## What is expected
Pictures are to be dropped. Everything else in the listing gets copied exactly.

## Collected material
Segment Open

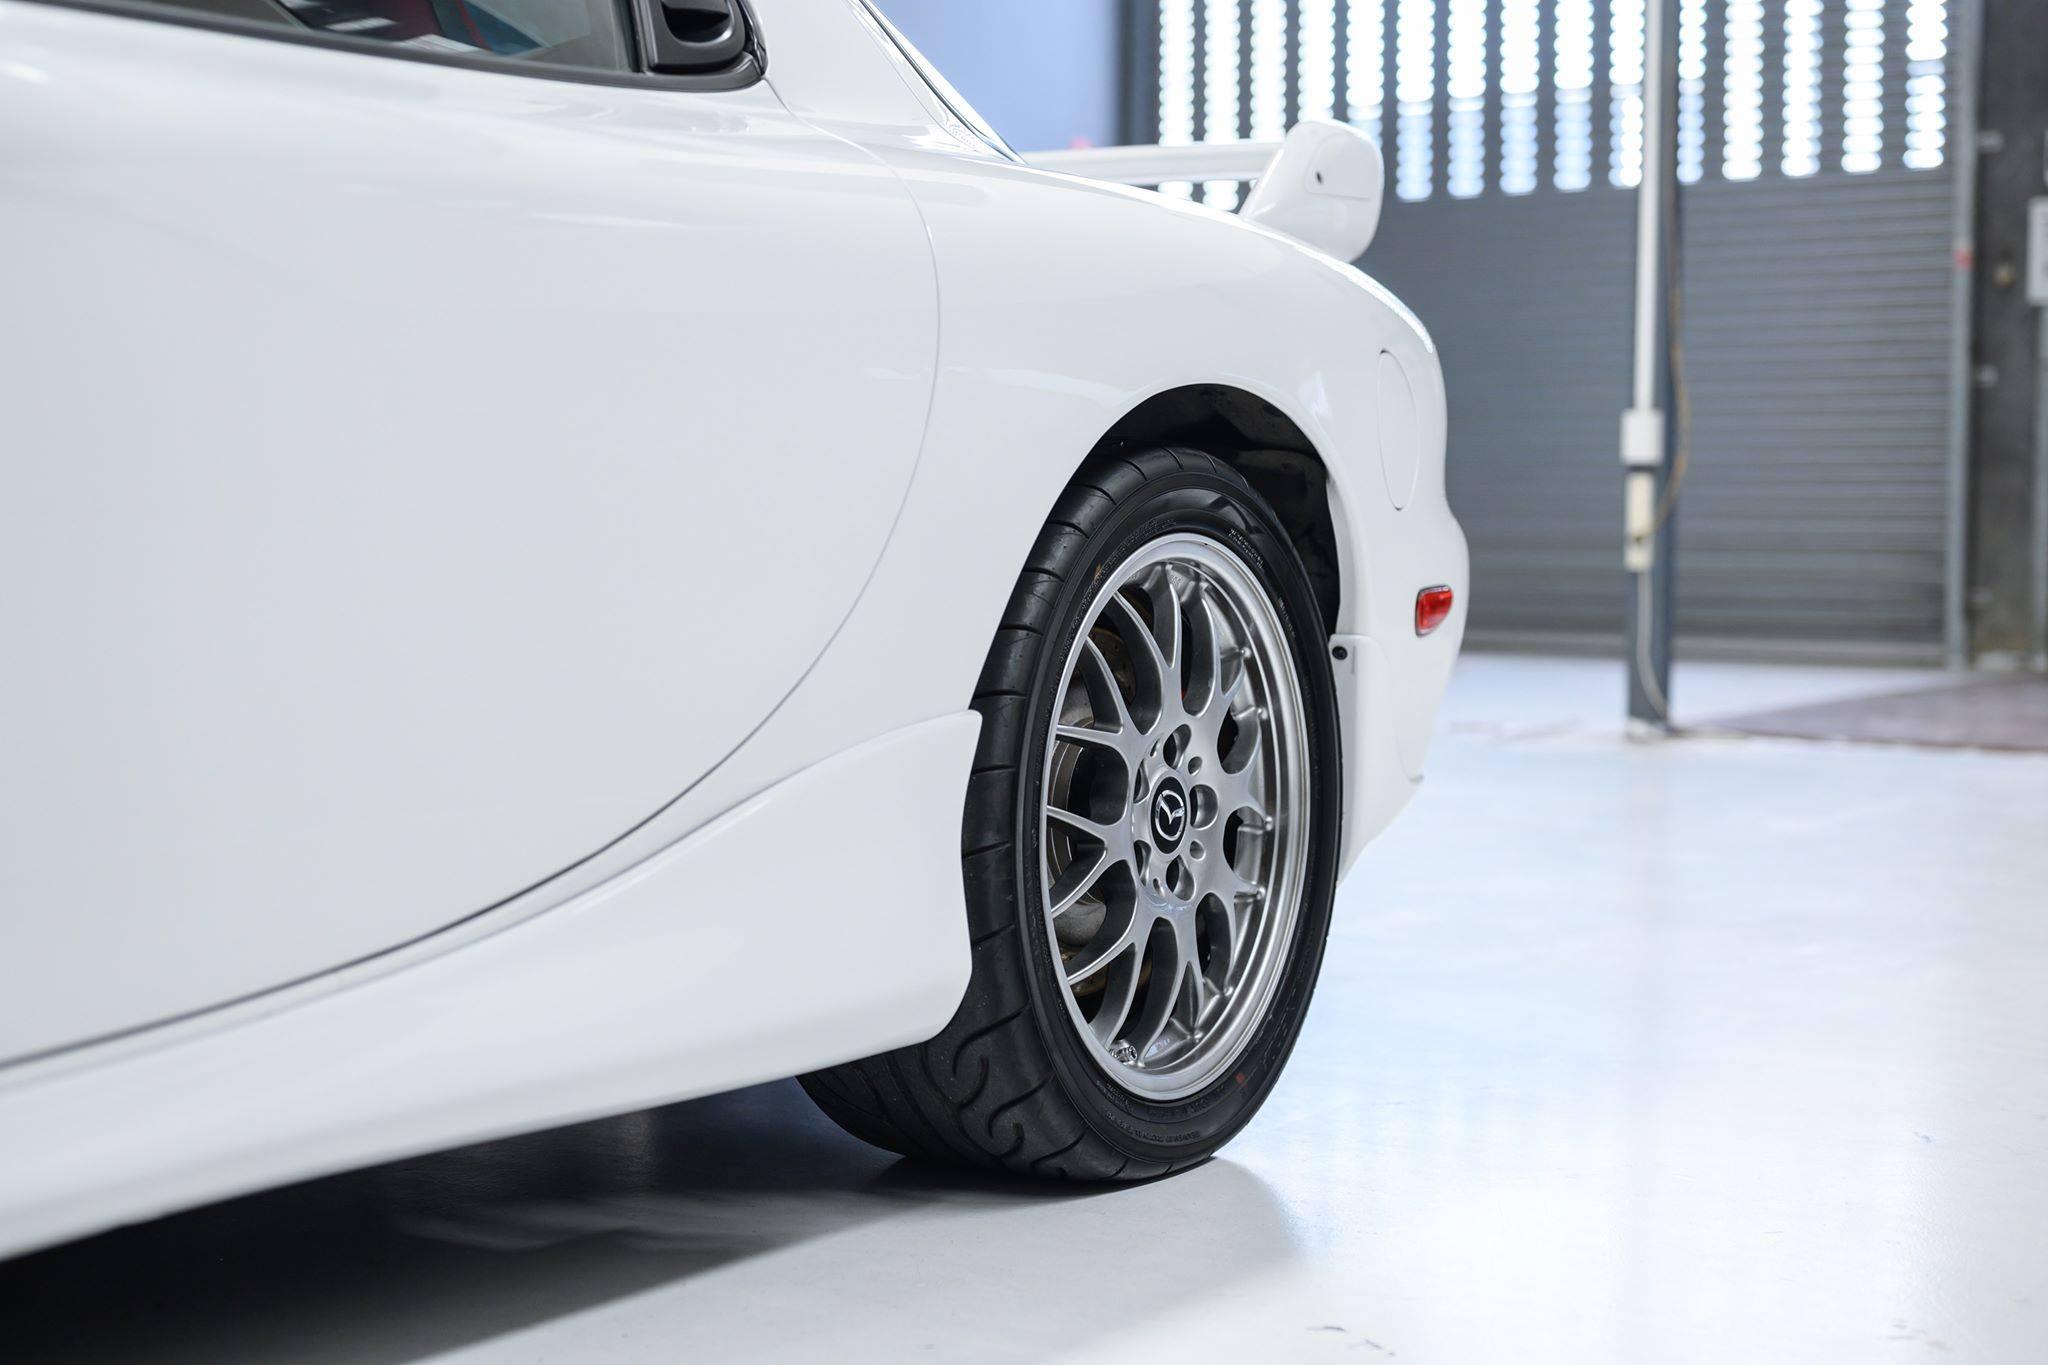 2002_Mazda_RX-7_Spirit-R_Type-A_sale_0004
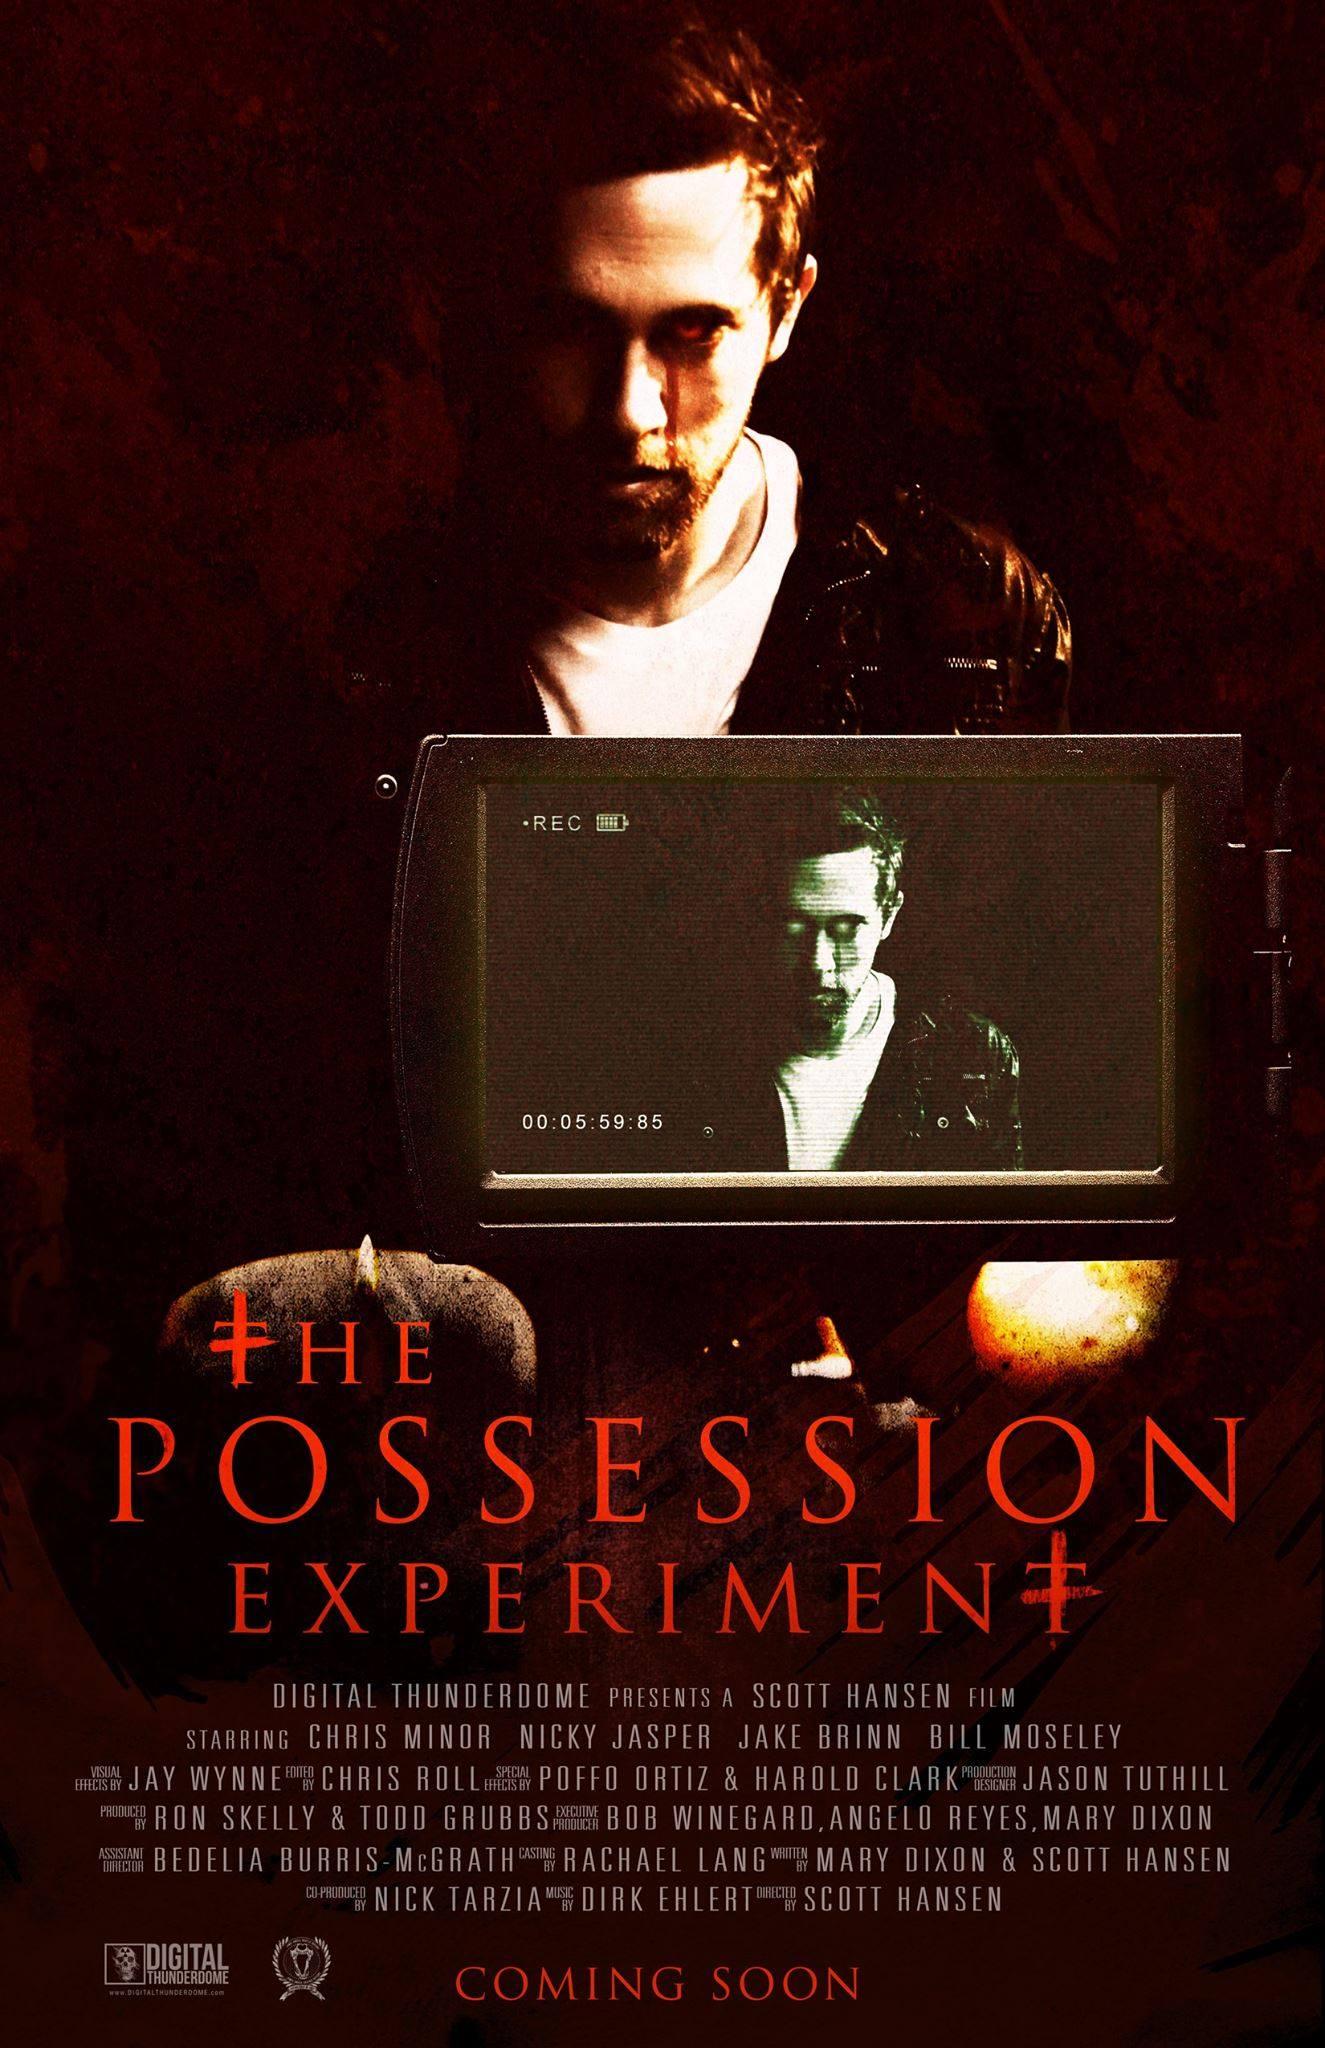 The Possesion Experiment 5.jpg
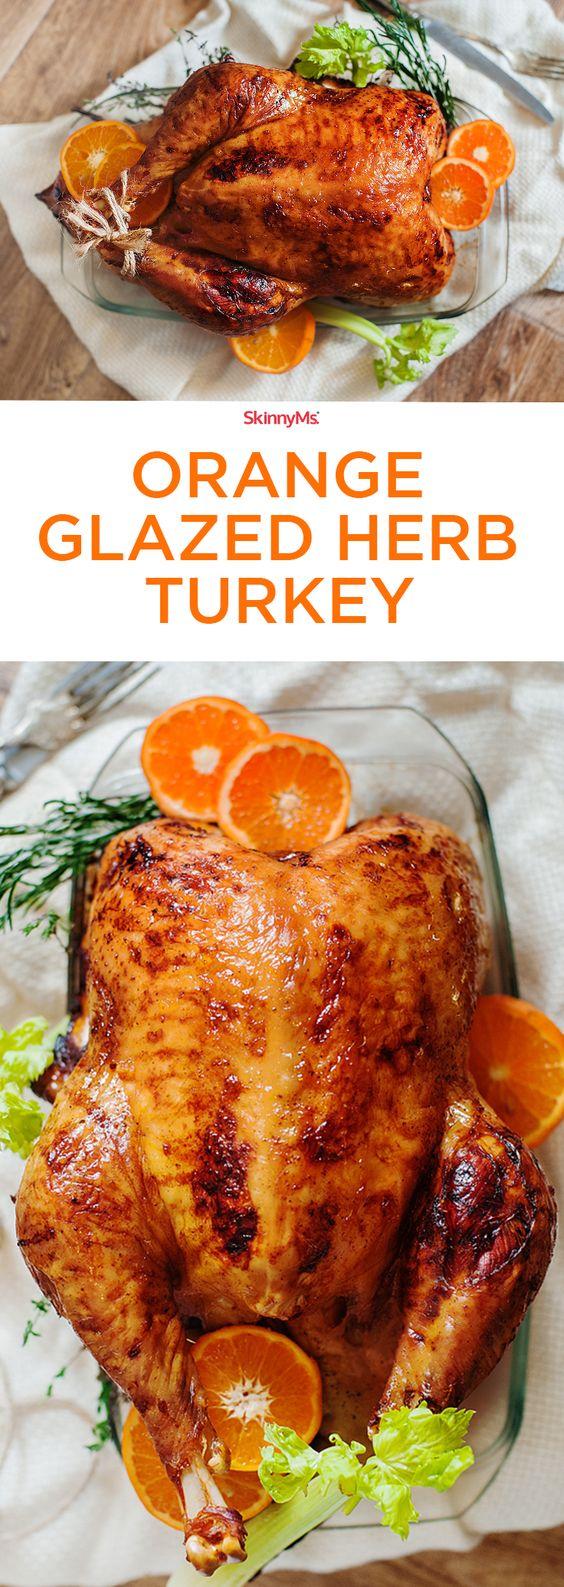 Thanksgiving turkey recipes: Orange Glazed Herb Turkey

Segment Closed

## Response to the exercise
 2002_Mazda_RX-7_Spirit-R_Type-A_sale_0004
 The Possesion Experiment 5.jpg
 Thanksgiving turkey recipes: Orange Glazed Herb Turkey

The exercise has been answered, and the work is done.